Every line from the one with "off white pink sweatshirt" through the last line below should be repeated exactly; pictures stay out of the copy.

▸ Source data

● ● ● ●

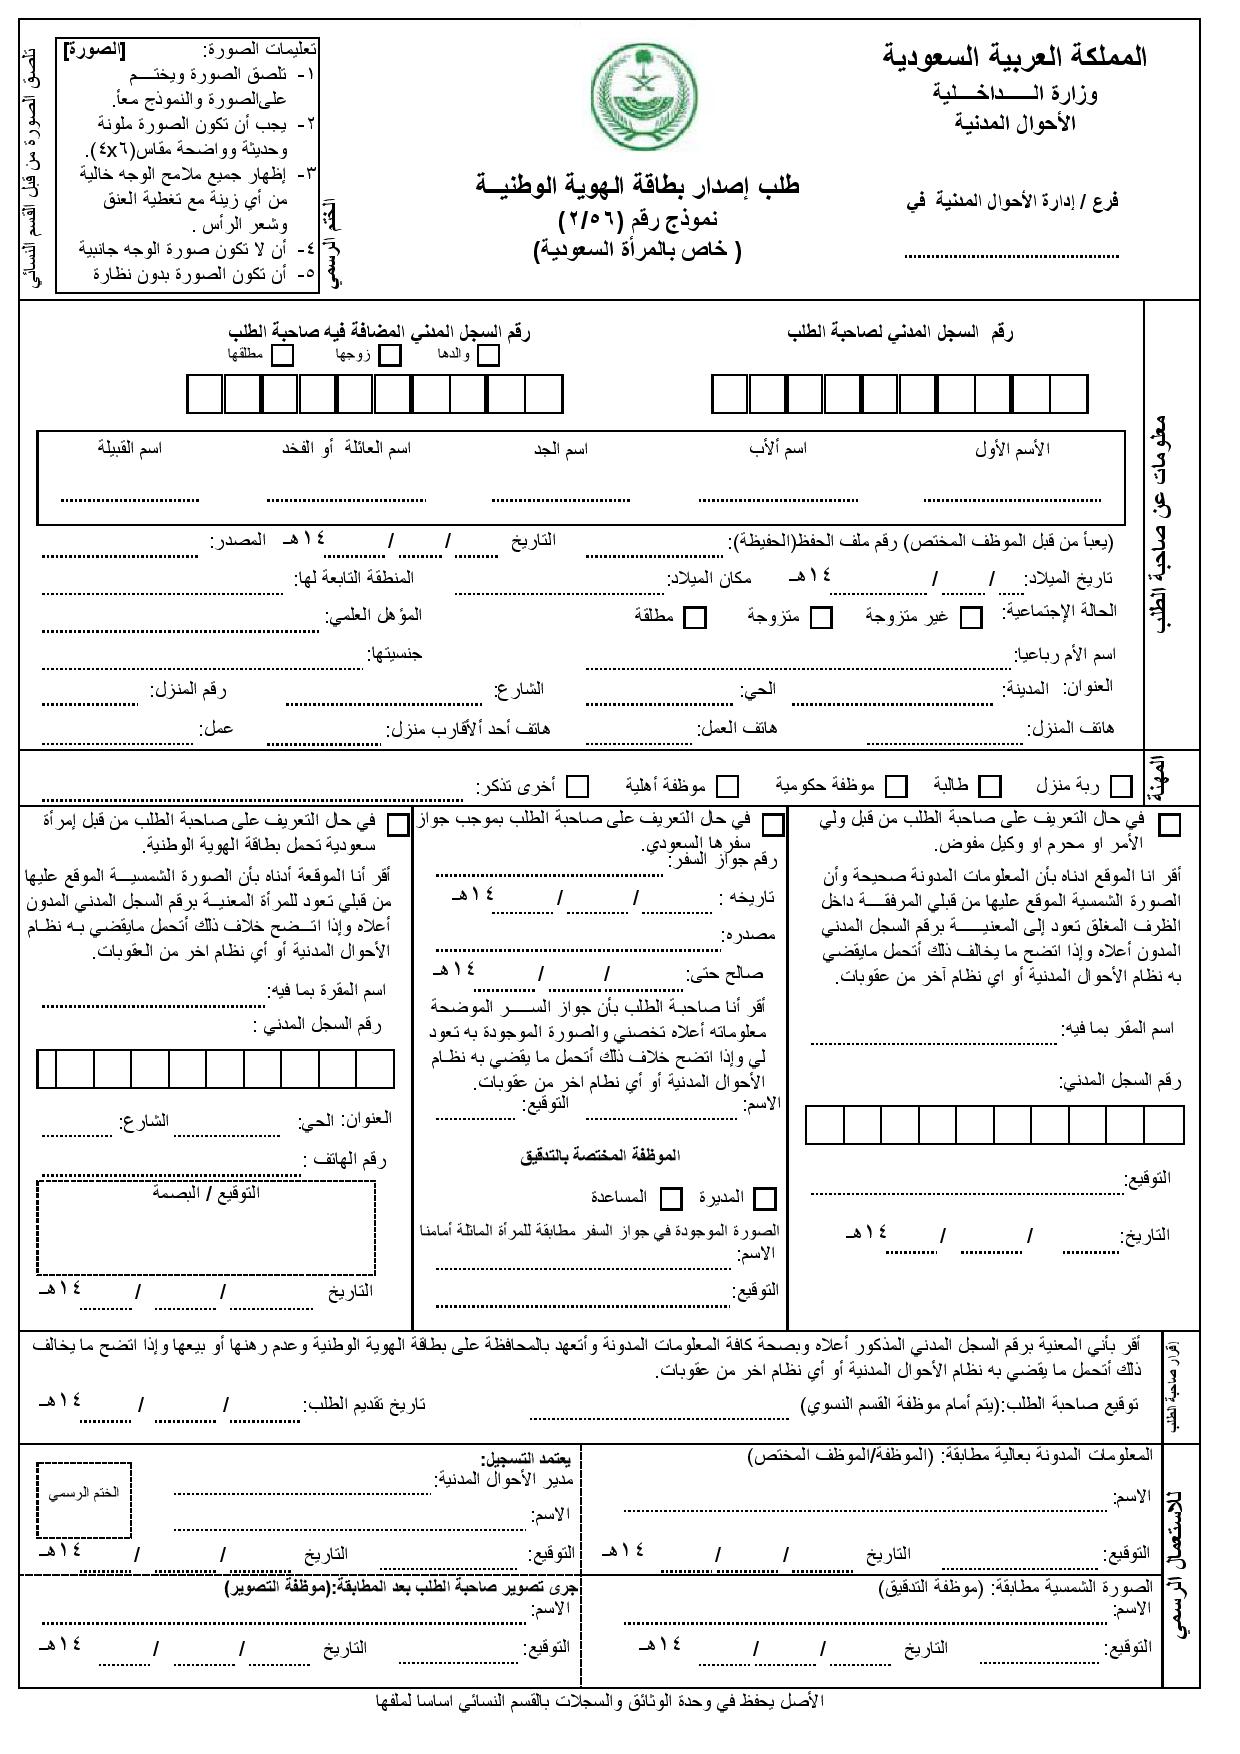 طريقة اصدار بطاقة احوال للنساء وحجز موعد بالاحوال المدنية من ابشر موسوعة الازاهير
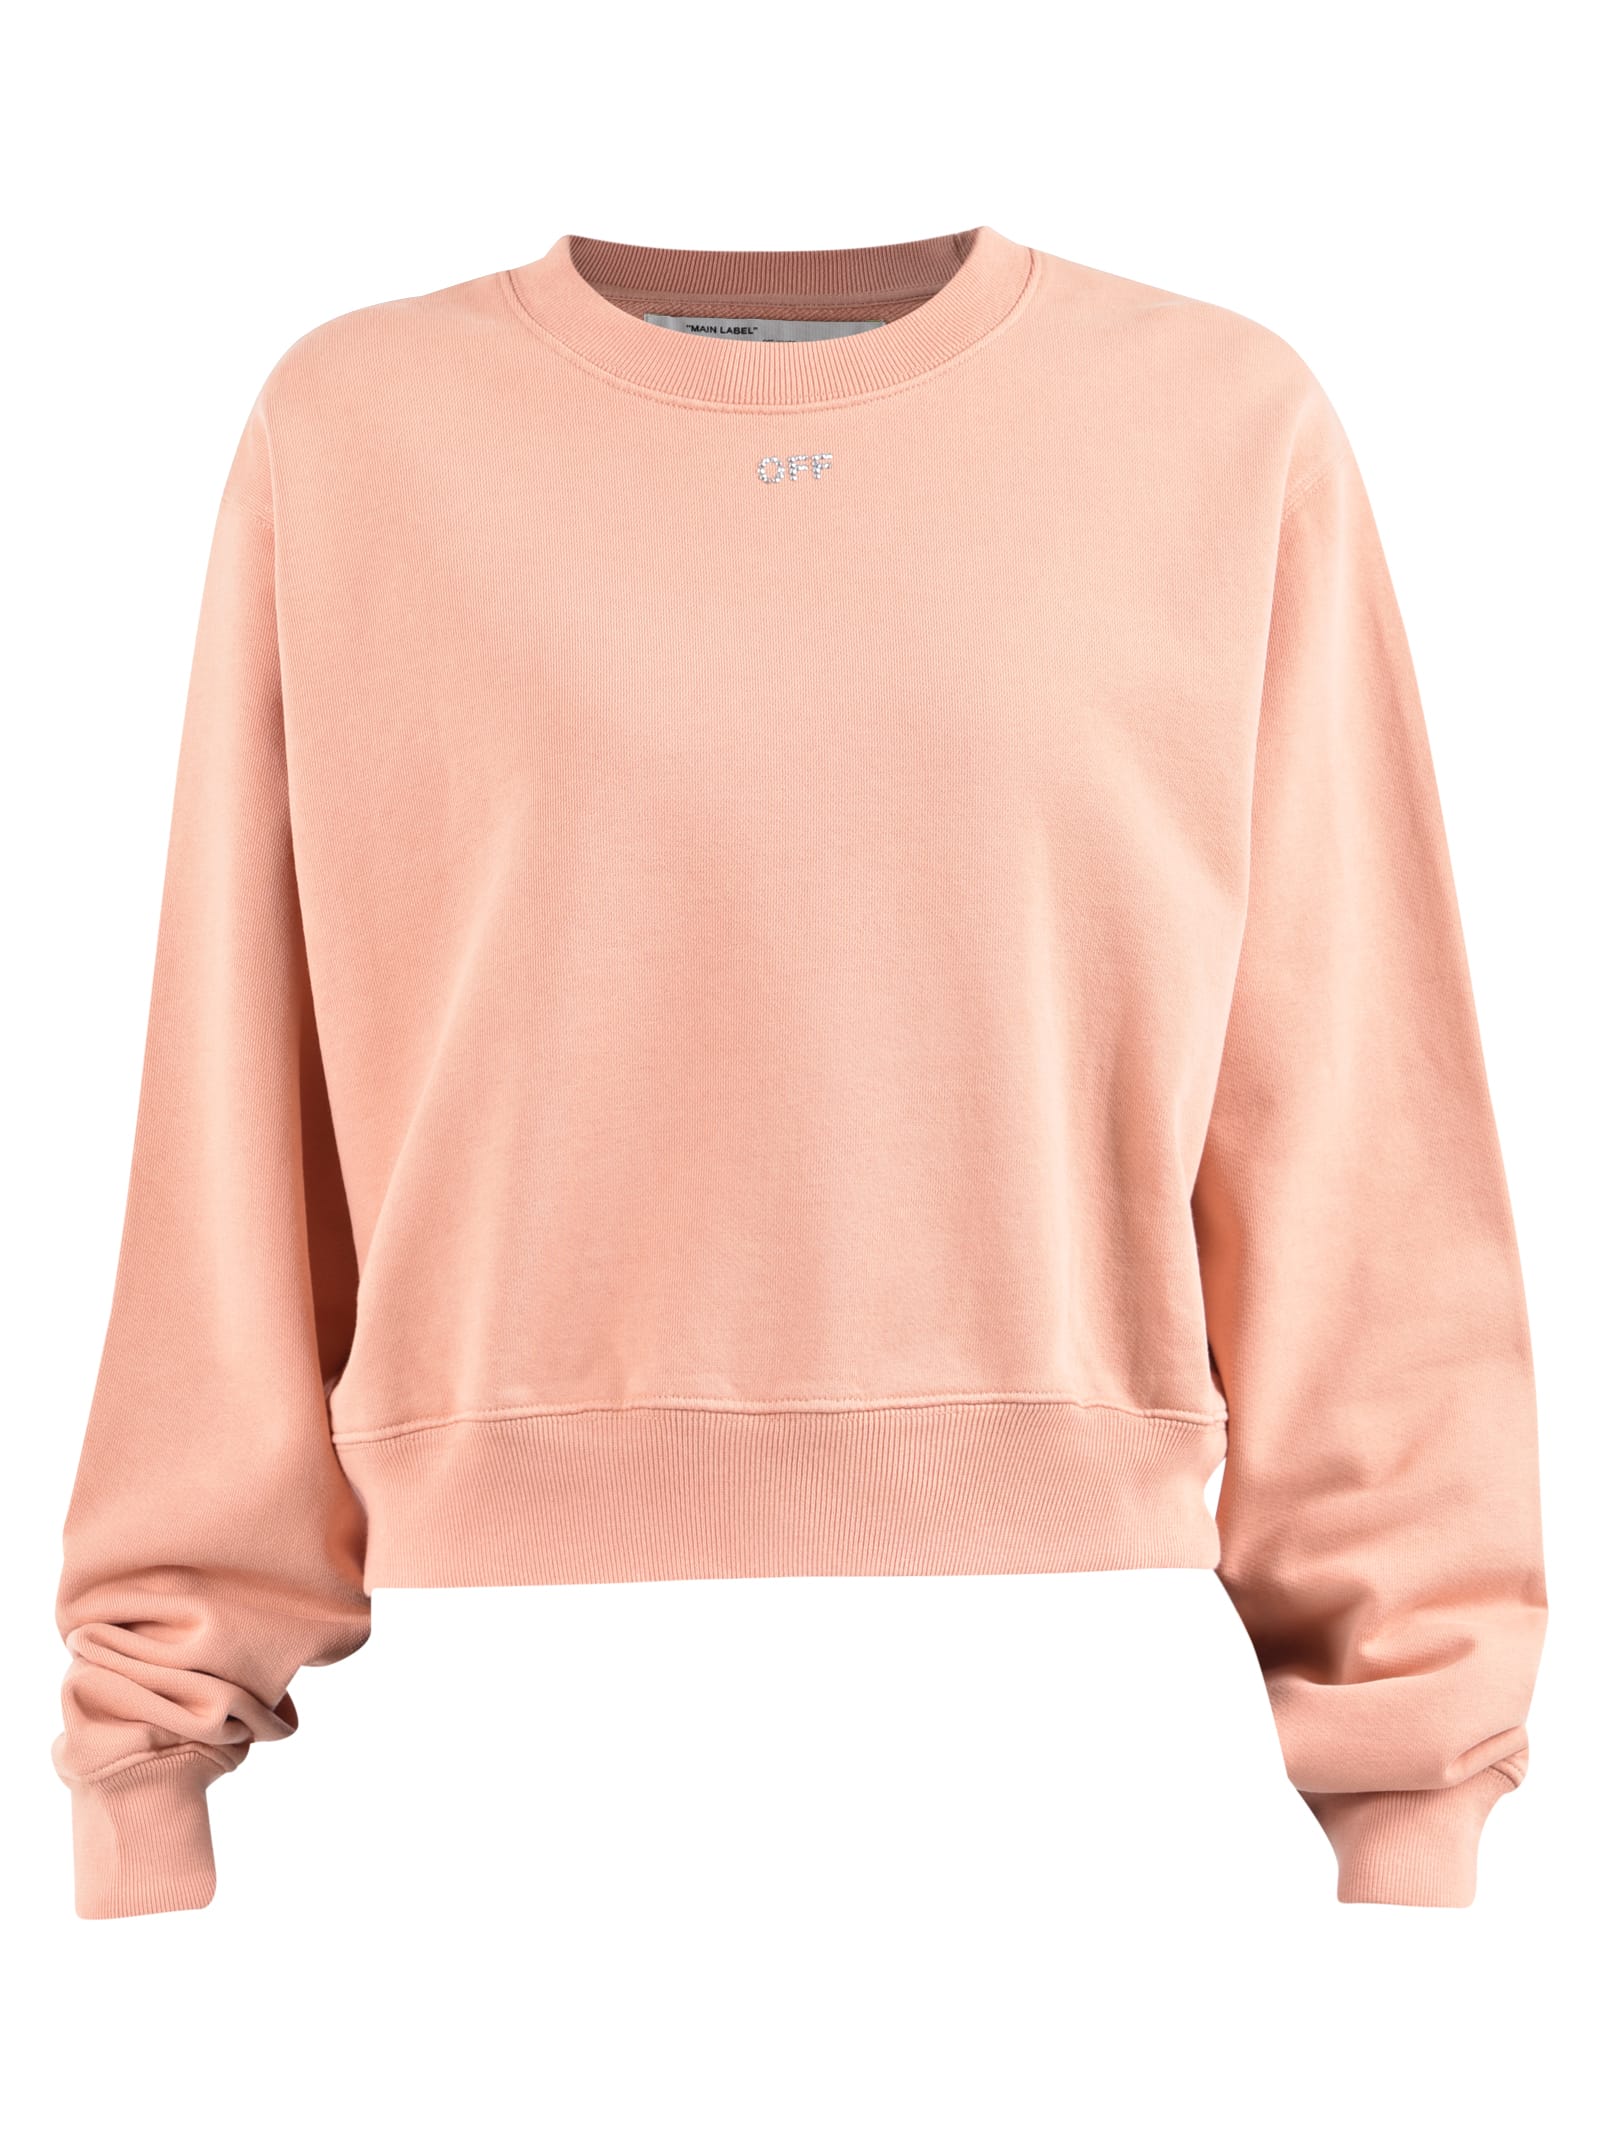 off white pink sweatshirt
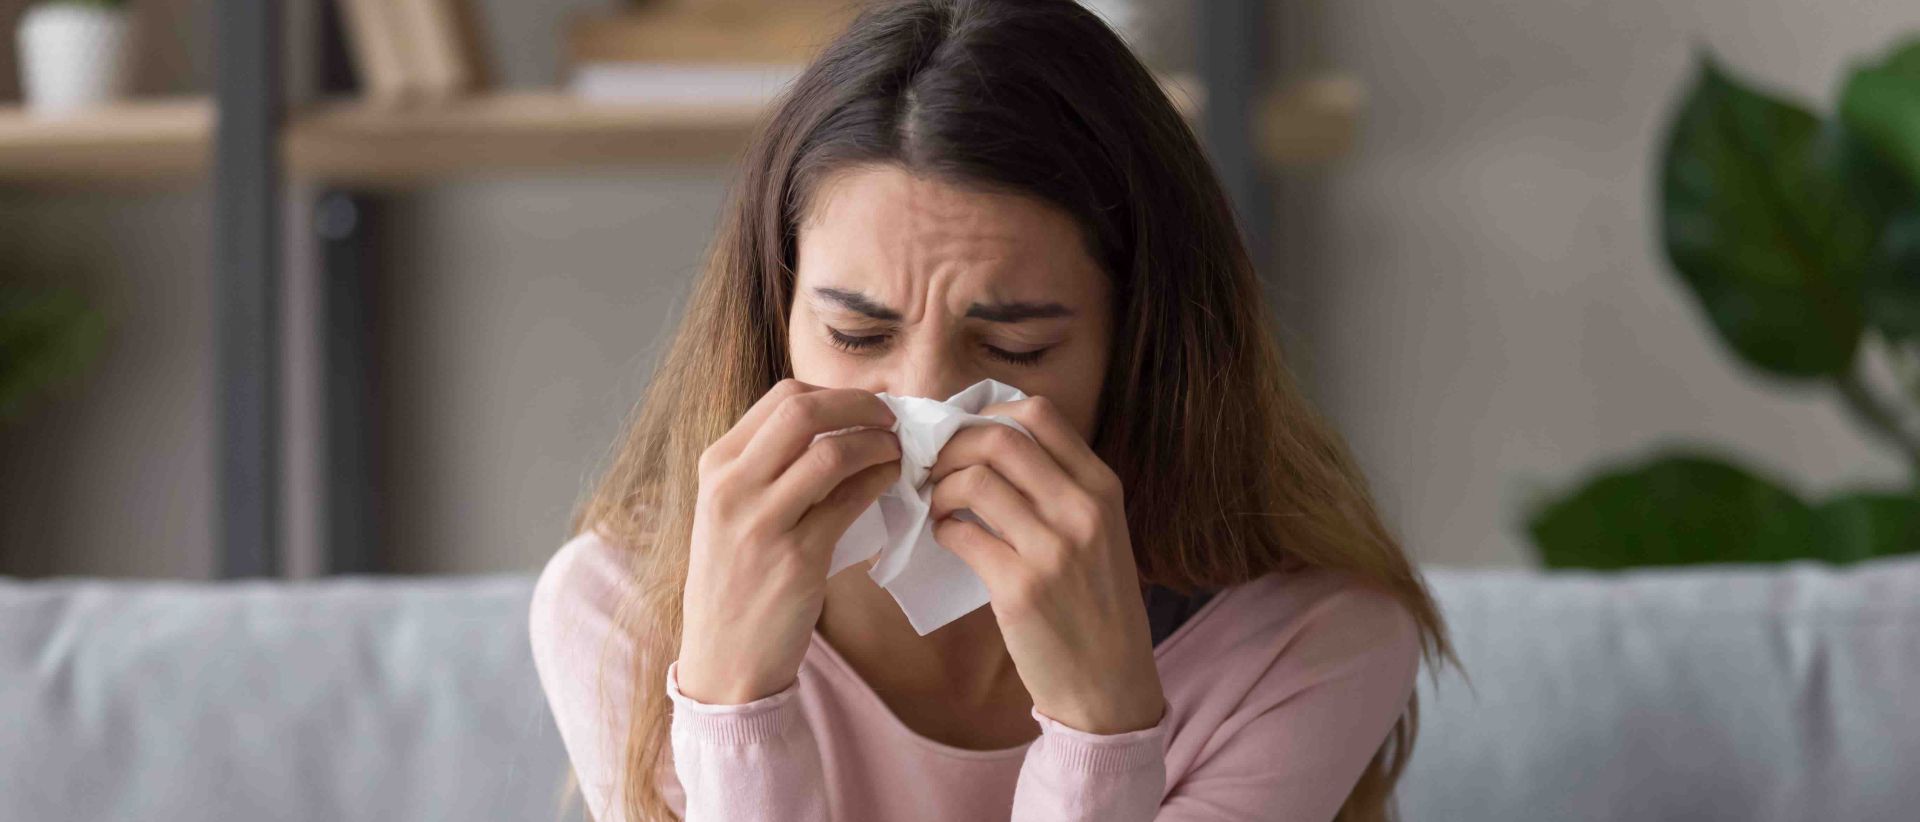 Frau mit Allergie gegen Hausstaubmilben sitzt auf Sofa

● ● ● ●

▸ Solution
 off white pink sweatshirt
 Frau mit Allergie gegen Hausstaubmilben sitzt auf Sofa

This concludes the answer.